At 22:46 13/04/2015, David Lang wrote:
On Mon, 13 Apr 2015, Bob Briscoe wrote:

David,

Returning from a fortnight offlist...

I think your conception of how ECN works is incorrect. You describe ECN as if the AQM marks one packet when it drops another packet. You say that the ECN-mark speeds up the retransmission of the dropped packet. On the contrary, the idea of classic ECN [RFC3168] is that the ECN marks replace the drops. In all known testing (except pathological cases), classic ECN effectively eliminates drops for all ECN-capable packets.

That's what I thought, and if that was the case, then marking packets as ECN-capable would mean that they would have an advantage over non-ECN packets (by not getting dropped, so getting a higher share of bandwidth)

This is a common fallacy. An ECN-capable TCP achieves the same throughput as an otherwise identical non-ECN TCP. The fallacy comes from people who think that the network caps the rate by removing packets. But the source determines the rate by how many drop or mark signals it sees. For today's ('classic') ECN, the source's rate reduction in response to either is the same; both voluntary as well.

There will be a tiny difference in goodput, because of the retransmissions. However, the loss (or marking) probability that TCP uses to determine its rate is a fraction of a percent, so this difference is in the noise.


that's what the gaming ECN thread was about, and if I understood the responses, I was being told that marking packets as ECN-capable, but not slowing down (actually responding to ECN) would not let an application get any advantage because the packets would just end up getting dropped anyway, since marking and dropping happen at the same level, even on ECN-capable flows.

Nope.

I recall that thread. People came up with a number of complicated arguments for why it is hard to game ECN, but none were solid. Below I have given a simple argument that I think is solid on its own. I thought about intevening at the time, but this stuff needs care and time that I didn't have then.

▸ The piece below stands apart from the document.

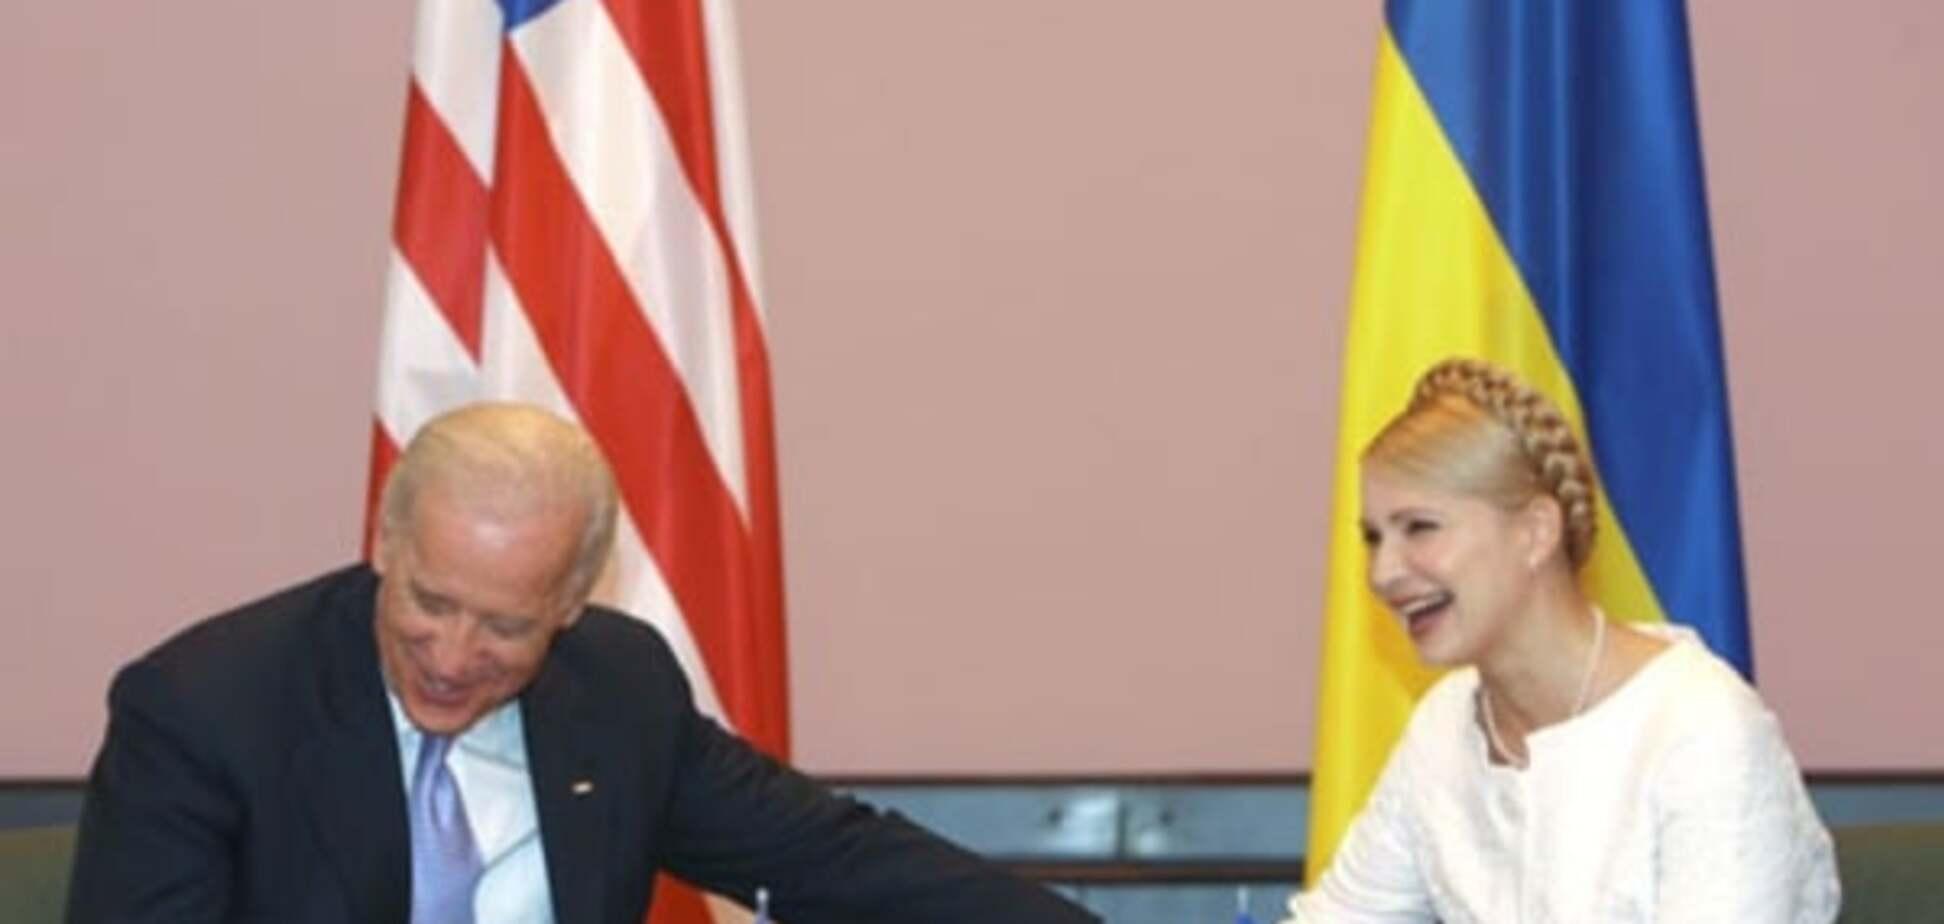 Тимошенко срочно вылетела в США, зачем?

1) For the most simple and complete argument, all you need to know about the ECN behaviour of AQMs is: under normal load conditions, an AQM decides it's time to send a congestion signal irrespective of whether the next packet is ECN-capable or not. Then, if the next packet is ECN-capable, it marks it, else it drops it. This is from RFC3168, which also requires the source to respond equally to either a loss or a mark. I call this 'classic' ECN.{Note 1}

2) I will try to correct your misunderstanding about "marking and dropping at the same level even on on ECN-capable flows". However, to determine whether ECN can be gamed, there's no need to go there. So I'll come back to that as a post-script{Note 2}.

3) I will prove that it is as easy to game loss as it is to game ECN, first considering sender cheating, then receiver cheating:

3a) Sender Cheating
From the sender's point of view, the only difference between a loss and an ECN mark is that it has to retransmit a loss. But that has nothing to do with the rate it can go at. If it has been programmed to ignore congestion feedback (and instead to go at a constant unresponsive rate{Note 2}), it is as easy for it to ignore loss feedback as ECN feedback. See {Note 3} for an example.

3b) Receiver Cheating
* An ECN receiver can best fool an ECN-capable TCP sender into going faster by only feeding back a small fraction of ECN marks.{Note 4} * A non-ECN receiver could fool a non-ECN TCP sender into going faster by only revealing a small fraction of the losses. However, it would have to ACK undelivered bytes, and most TCP-based apps won't work unless all bytes are delivered.{Note 5}

So it seems that it's easier for a receiver to game ECN than loss. However:
* returning to the ECN case, the sender can validate the receiver by randomly setting an ECN mark itself on a very small proportion of packets (probably only on unusually high rate connections). Then if it doesn't see ECN feedback on the ACK of any one of its self-inserted marks, it can close the connection.

In summary,
* a sender can't game ECN any more easily than it can game loss.
* a receiver can only game ECN if the sender doesn't take measures to prevent it.{Note 6}

If the packets are just marked, but not dropped, then the ECN-capable flows will occupy a disproportinate share of the available buffer space, since they just get marked instead of dropped.

Nope.

The arrival rates will be the same, whether or not ECN is used (see earlier). And recall that TCP drives the marking or loss probability at very small fractions in all normal conditions.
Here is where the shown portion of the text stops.